▸ **WHAT YOU NEED TO DO**:
Omit the images and output every line of the data below exactly.

▸ **SOURCE RECORDS**:
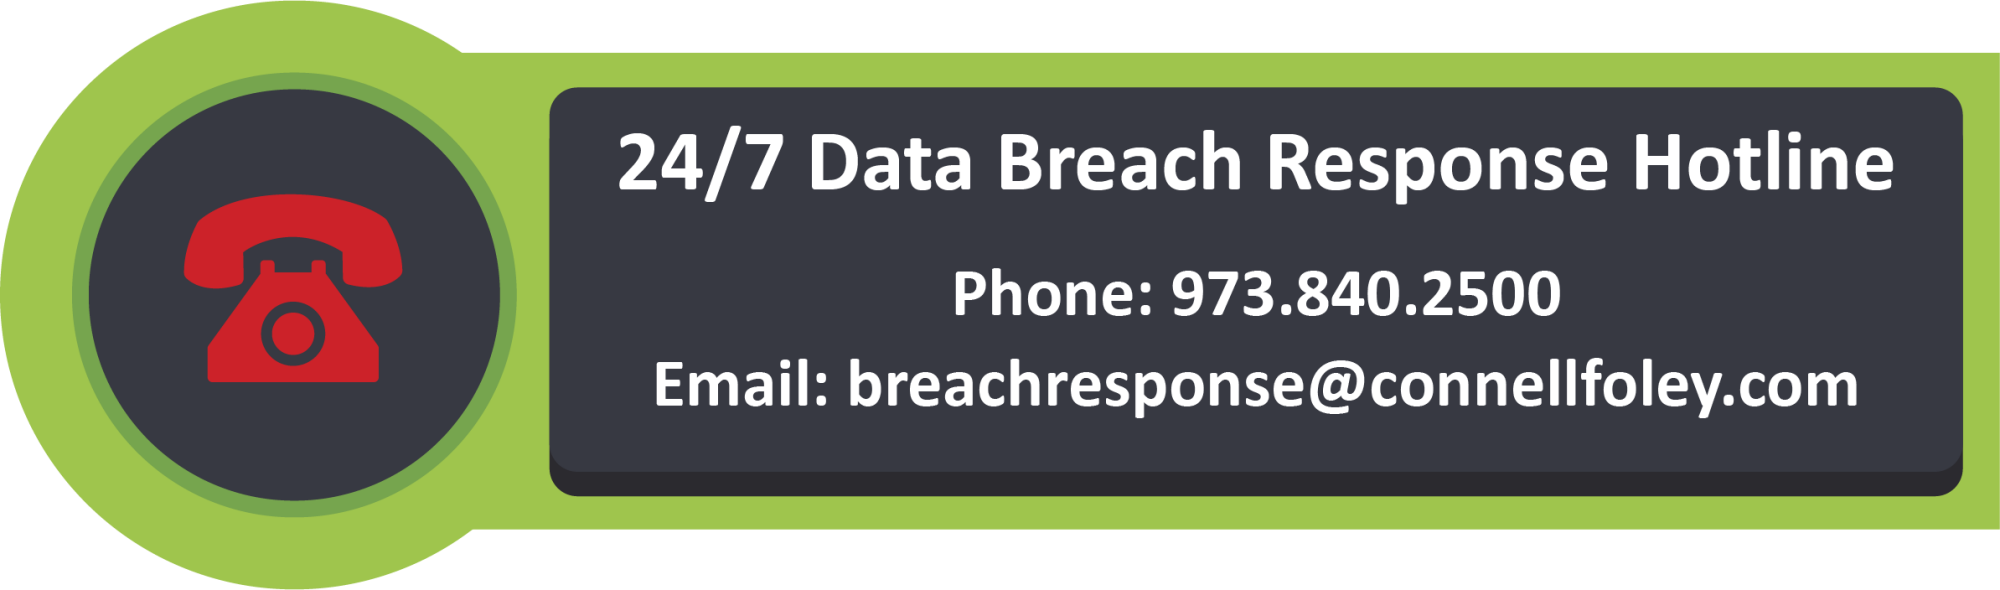 Connell Foley 24/7 Breach Response Hotline
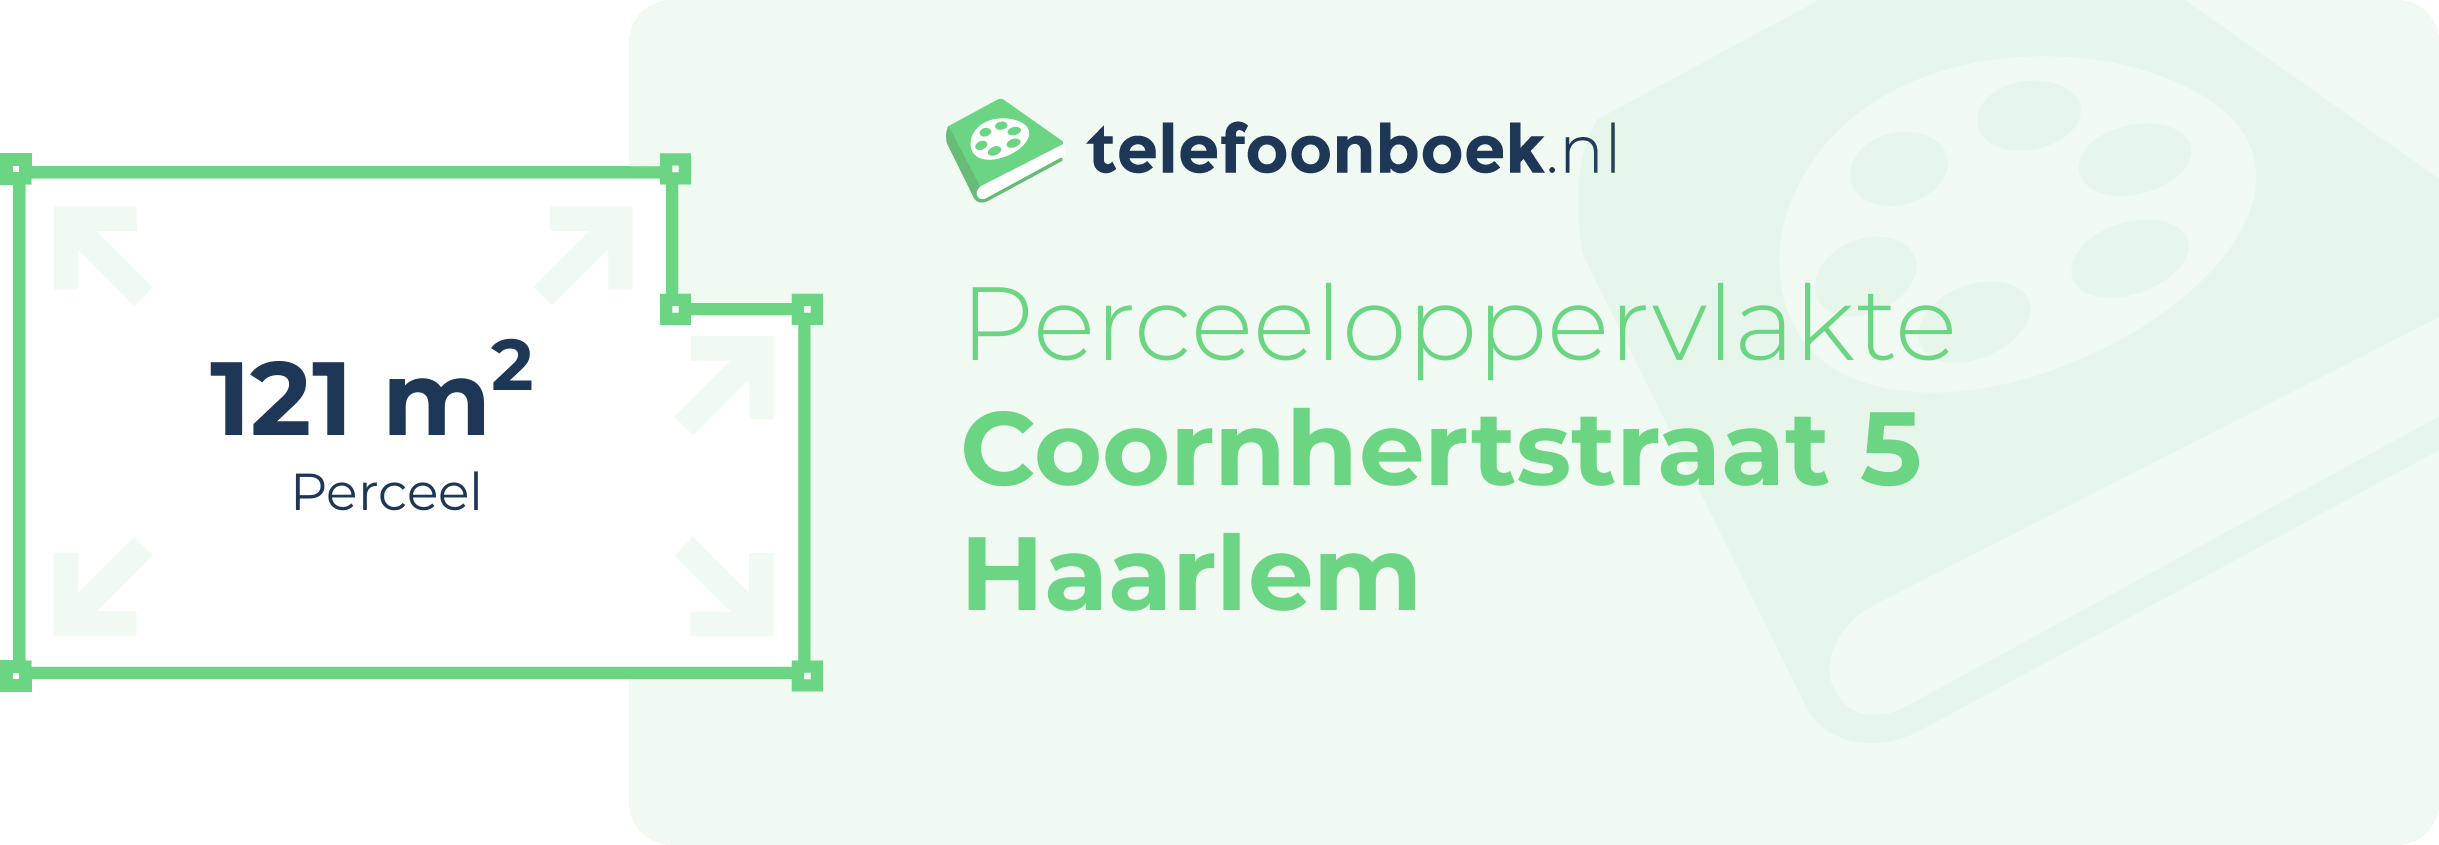 Perceeloppervlakte Coornhertstraat 5 Haarlem
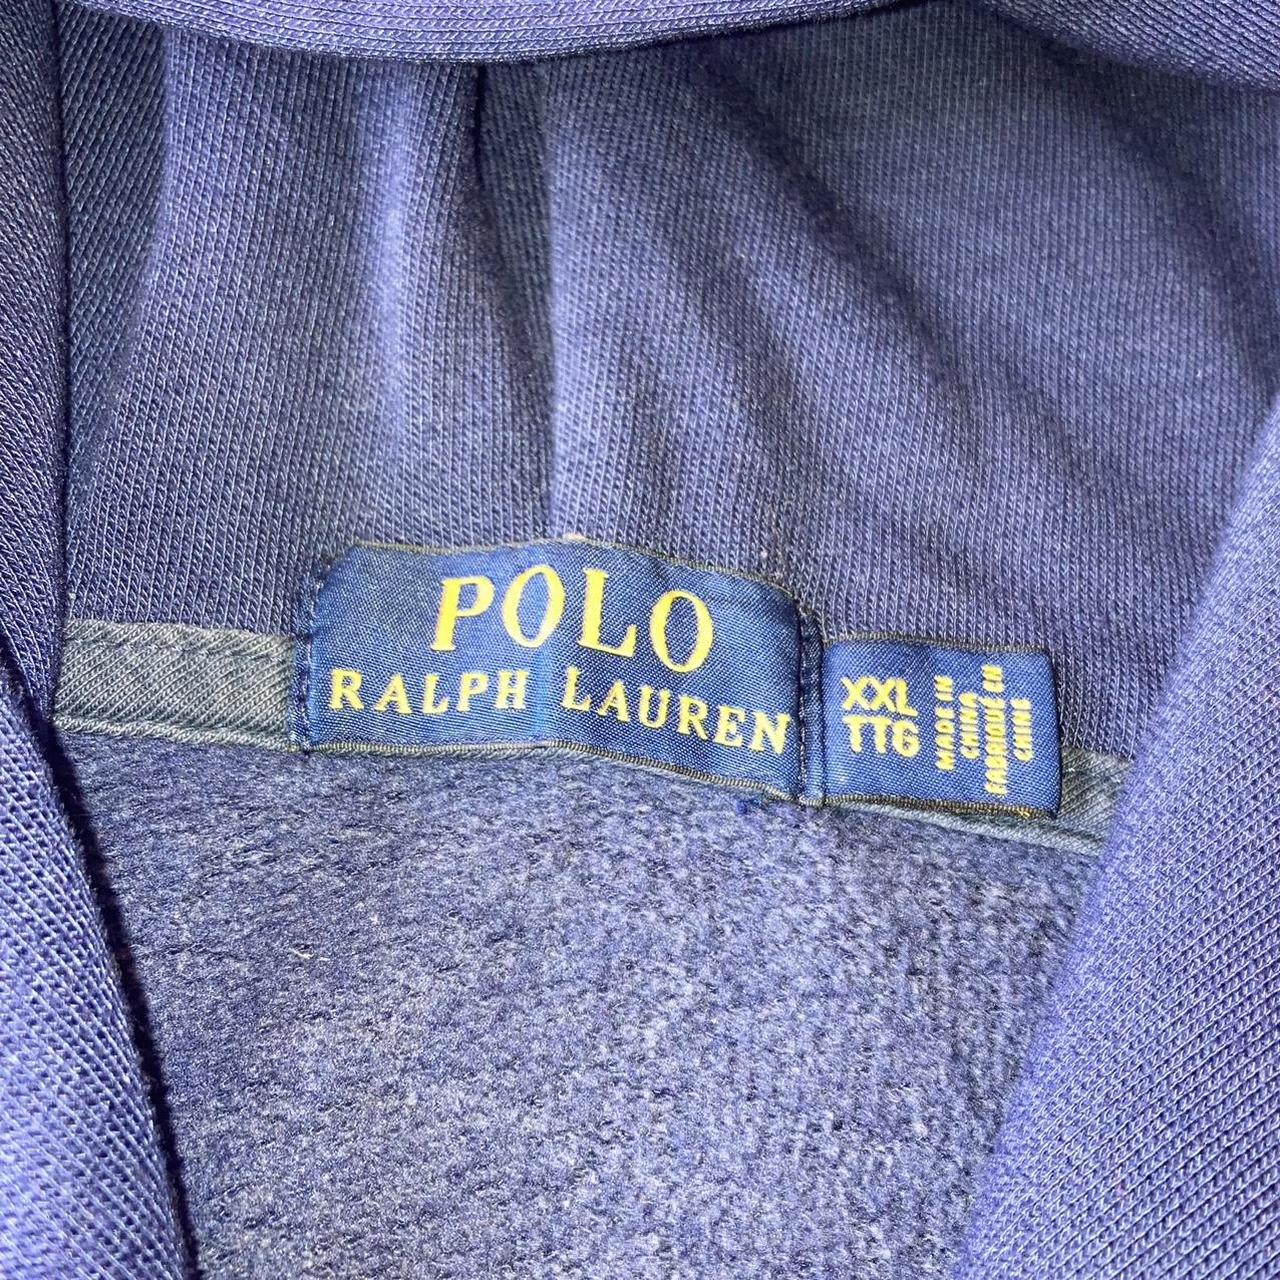 Polo Ralph Lauren Men's Blue and White Hoodie | Depop
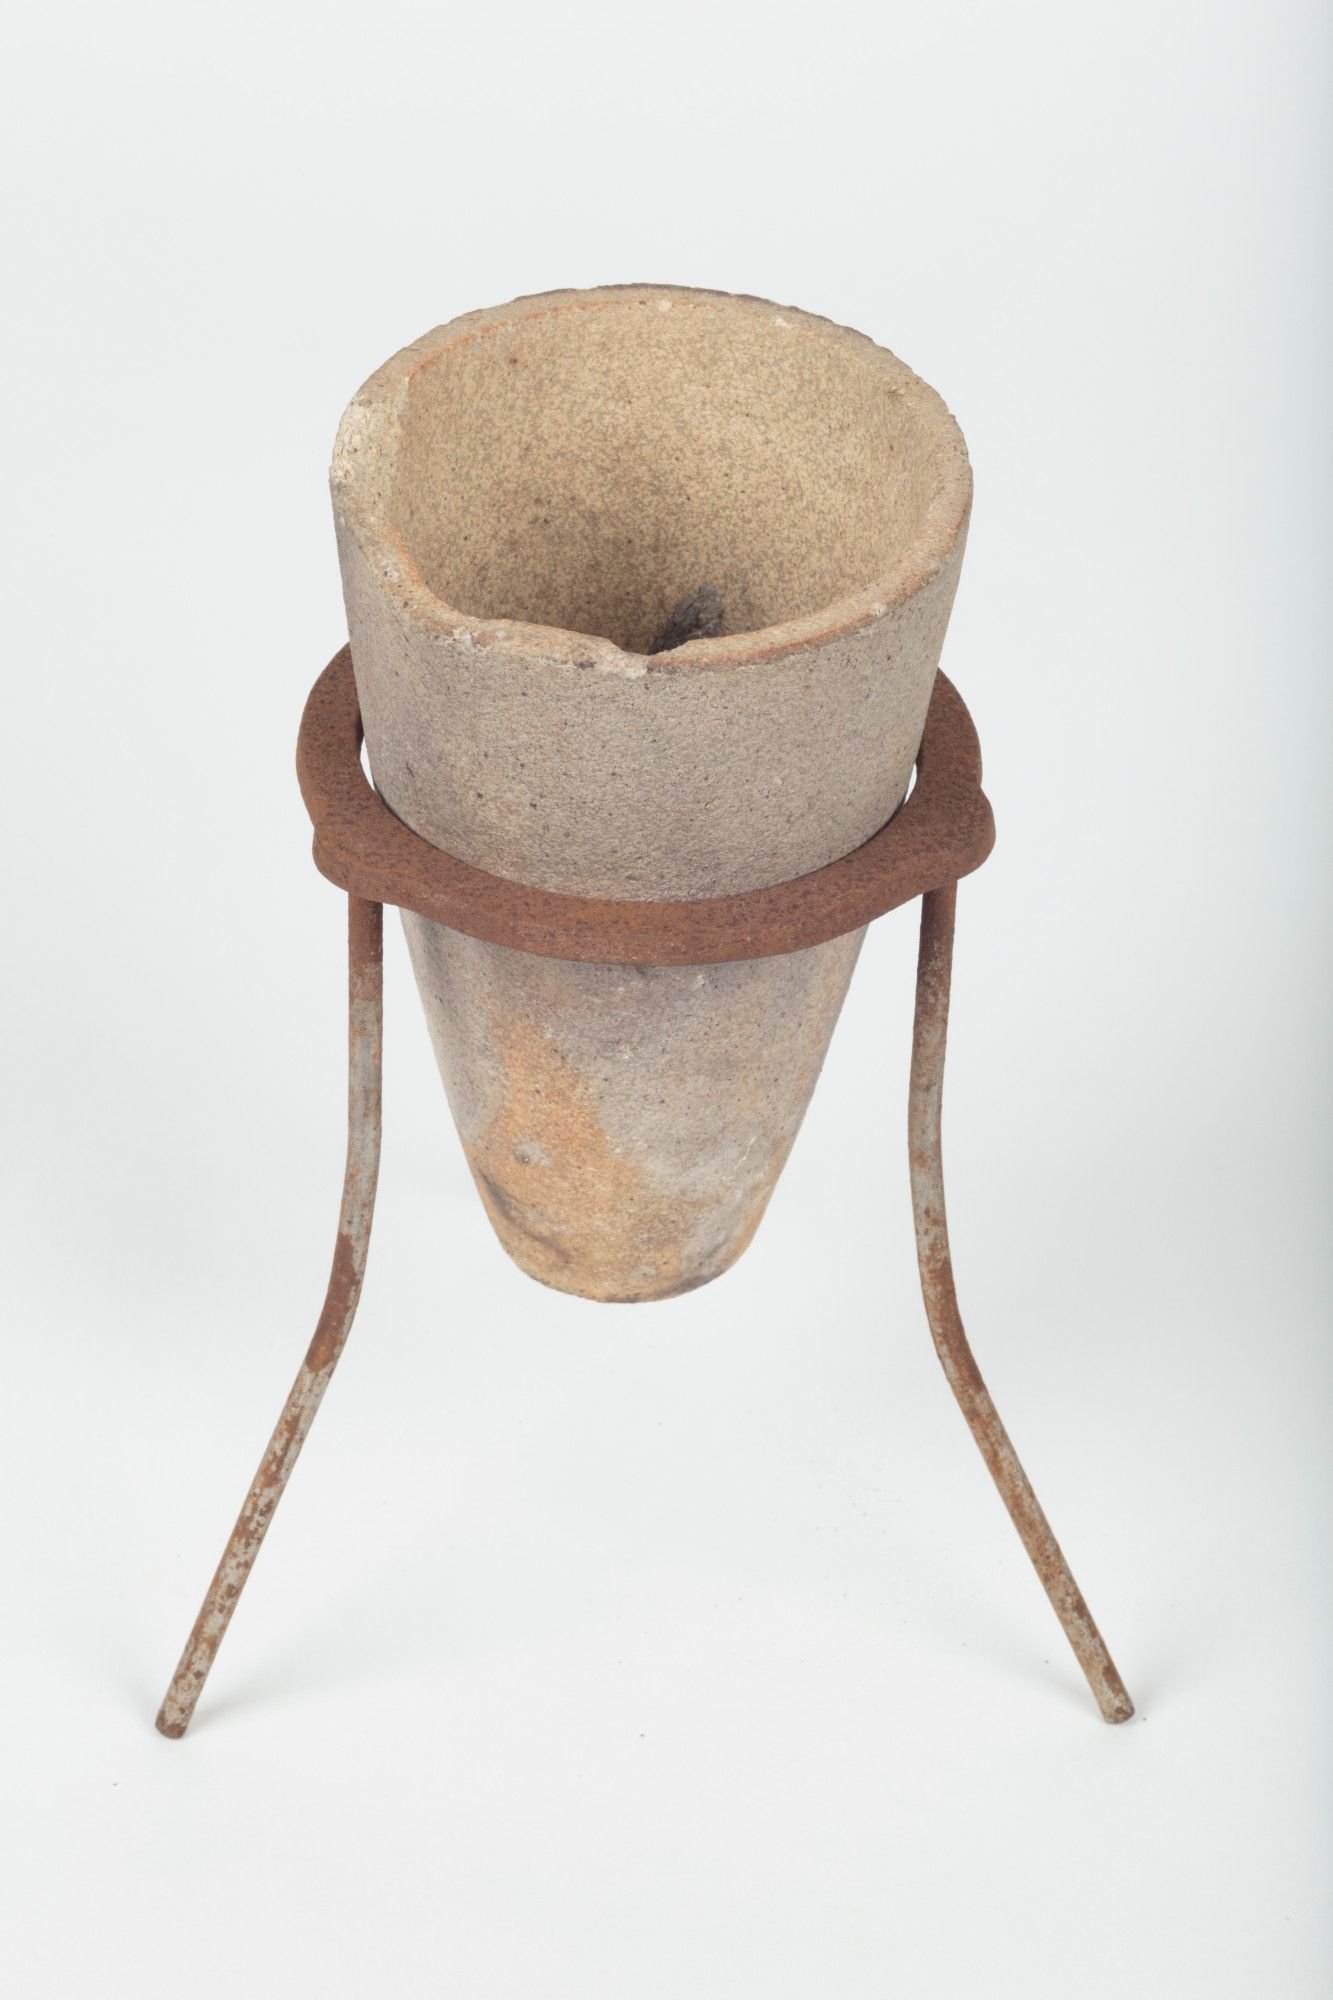 A small deep terracotta pot sits on a tripod
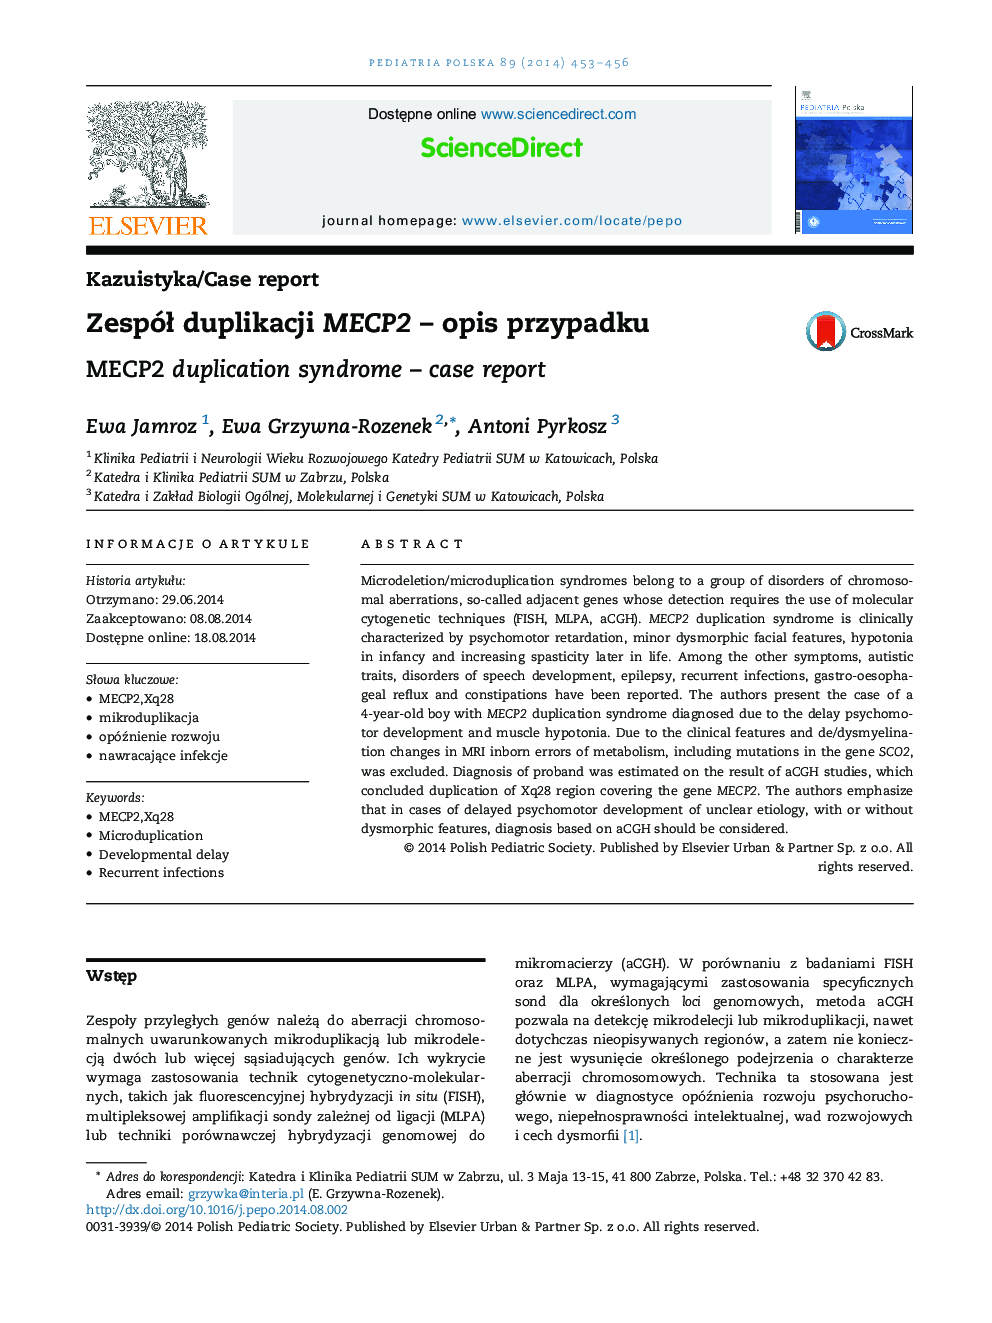 ZespóÅ duplikacji MECP2 - opis przypadku

▸ **YOUR SOLUTION**:
 Connell Foley 24/7 Breach Response Hotline
 Perceeloppervlakte Coornhertstraat 5 Haarlem
 Polo Ralph Lauren Men's Blue and White Hoodie | Depop
 A small deep terracotta pot sits on a tripod
 ZespóÅ duplikacji MECP2 - opis przypadku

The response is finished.